Anda di halaman 1dari 6

PENDIDIKAN PANCASILA DAN KEWARGANEGARAAN

KELAS X SEMESTER GANJIL

BAB 1
Nilai-Nilai Pancasila dalam Kerangka Praktik Penyelenggaraan Negara

A. Sistem Pembagian Kekuasaan Negara Kesatuan Republik Indonesia

1. Sifat Hakikat Negara dan Kedaulatan Negara

a. Sifat Hakikat Negara


Menurut Prof. Miriam Budiardjo, negara memiliki sifat khusus yang merupakan
manifestasi dari kedaulatan yang dimiliki negara. Kedaulatan itu hanya terdapat pada negara
dan tidak terdapat pada organisasi lain. Sifat-sifat tersebut umumnya mengikat bagi setiap
warga negara tersebut. Sifat hakikat negara yang dimaksud mencakup sifat memaksa, sifat
monopoli, dan sifat mencakup semua.

1) Sifat Memaksa
Negara memiliki kekuatan untuk memakai kekuatan fisik secara legal agar peraturan
perundang-undangan ditaati sehingga ketertiban dapat dicapai dan anarki dapat dicegah. Salah
satu unsur paksaan dalam kehidupan bernegara yang terlihat adalah ketentuan negara yang
mengharuskan rakyatnya membayar pajak dan menghukum orang yang melanggarnya.
2) Sifat Monopoli
Negara mempunyai hak tunggal dalam menetapkan tujuan bersama dari masayarakat.
Dengan sifat monopoli ini, negara dapat mengatakan, misalnya, suatu aliran kepercayaan atau
aliran politik tertentu dilarang hidup dan disebarluaskan karena dianggap bertentangan dengan
tujuan masyarakat dan negara.
3) Sifat Mencakup Semua
Semua peraturan perundang-undangan berlaku untuk semua orang tanpa kecuali. Sifat
ini diperlukan karena apabila seseorang dibiarkan berada di luar ruang lingkup aktivitas negara,
usaha negara menuju tercapainya masyarakat yang dicita-citakan akan gagal.
b. Pengertian Kedaulatan
Kedaulatan berasal dari kata "daulat" yang diambil dari kata daulah (Arab),
souvereignity (Inggris), sovereiniteit (Perancis), supremus (Latin), dan sovranita (Italia) yang
berarti kekuasaan tertinggi. Jadi, kedaulatan dapat diartikan sebagai kekuasaan tertinggi atas
pemerintahan negara. Dalam pemerintahan yang berdaulat, pemerintah mempunyai kekuasaan
tertinggi atas rakyatnya yang ada dalam negara tersebut.

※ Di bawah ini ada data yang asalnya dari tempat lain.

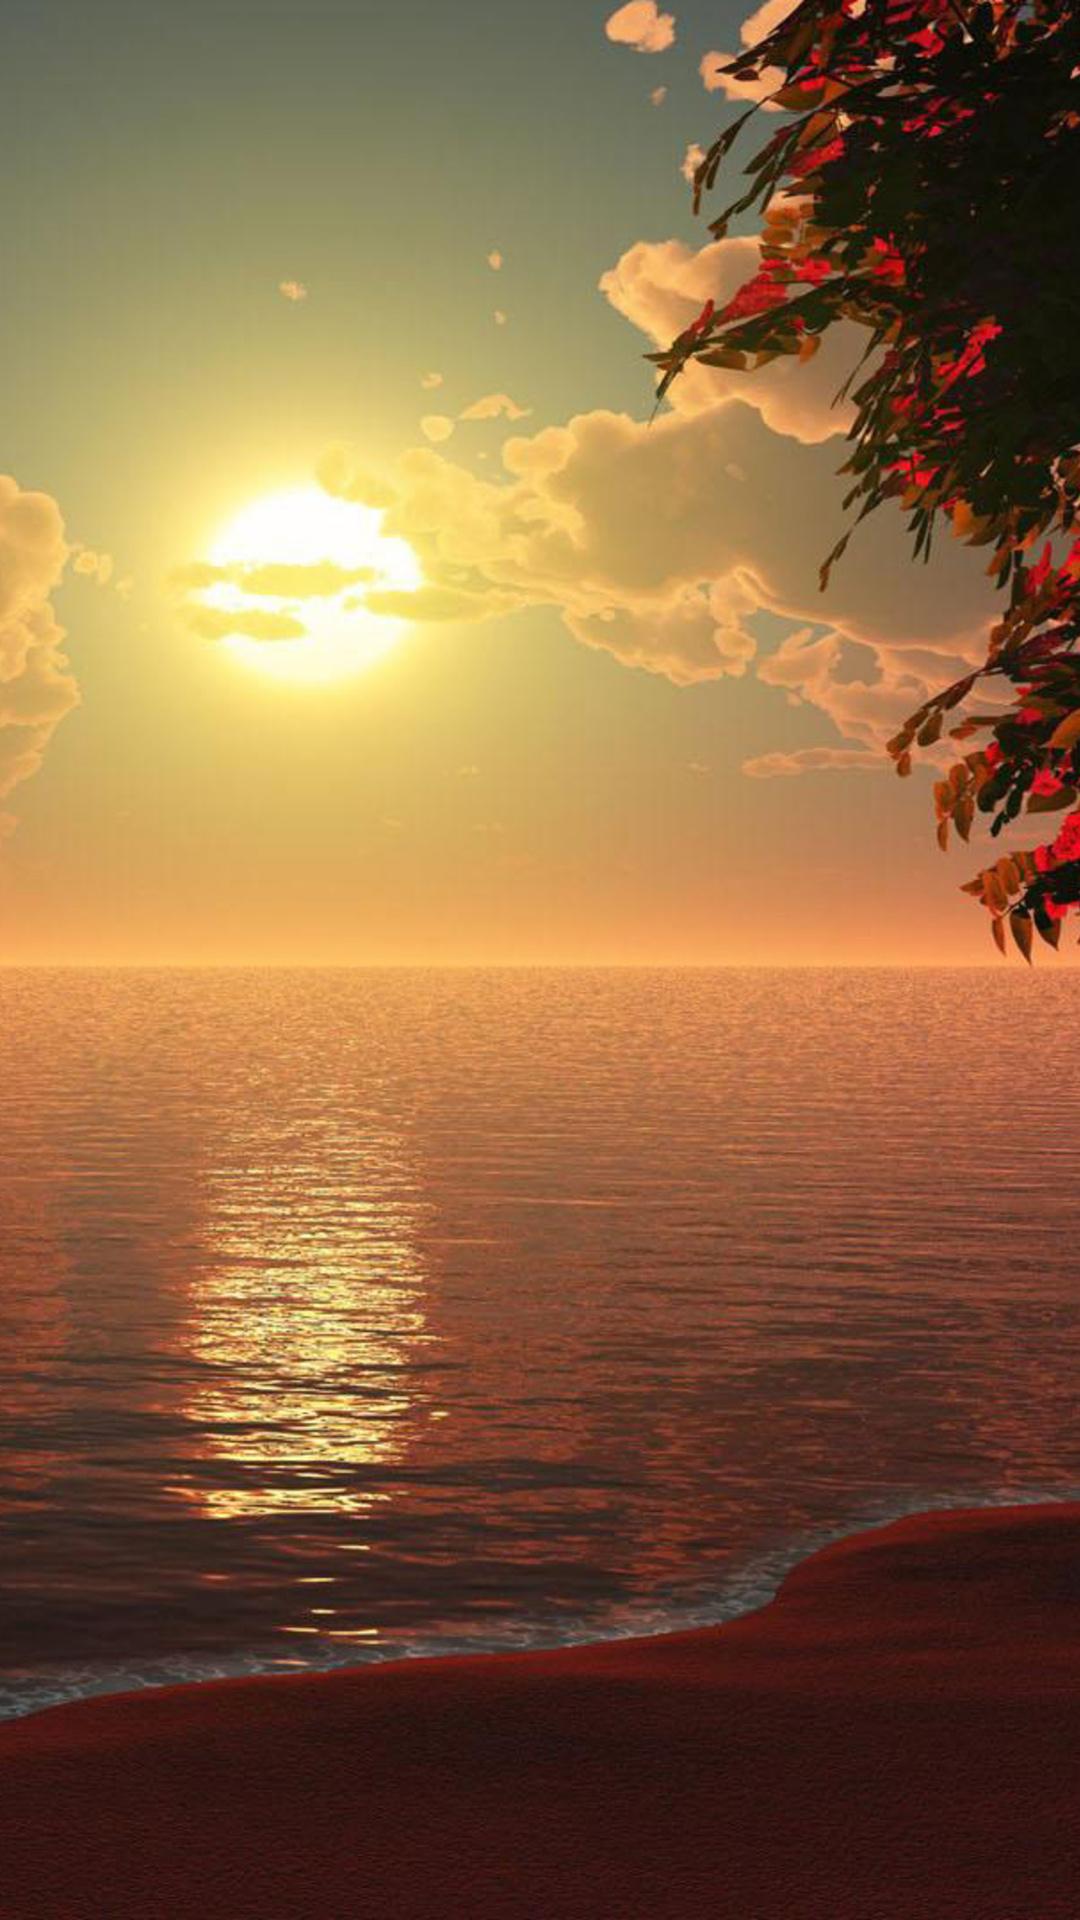 1080x1920 Beautiful Beach Sunset Artwork Iphone 7,6s,6 ...

Jean Bodin, tokoh yang pertama kali mendefinisikan tentang kedaulatan. Ia dikenal sebagai
Bapak Kedaulatan.

Menurut Jean Bodin, kedaulatan adalah kekuasaan tertinggi untuk menentukan hukum
dalam suatu negara. Sederhananya, kedaulatan merupakan hak-hak sebuah negara dalam
mengelola negaranya sendiri tanpa ada tekanan atau intervensi pihak lain.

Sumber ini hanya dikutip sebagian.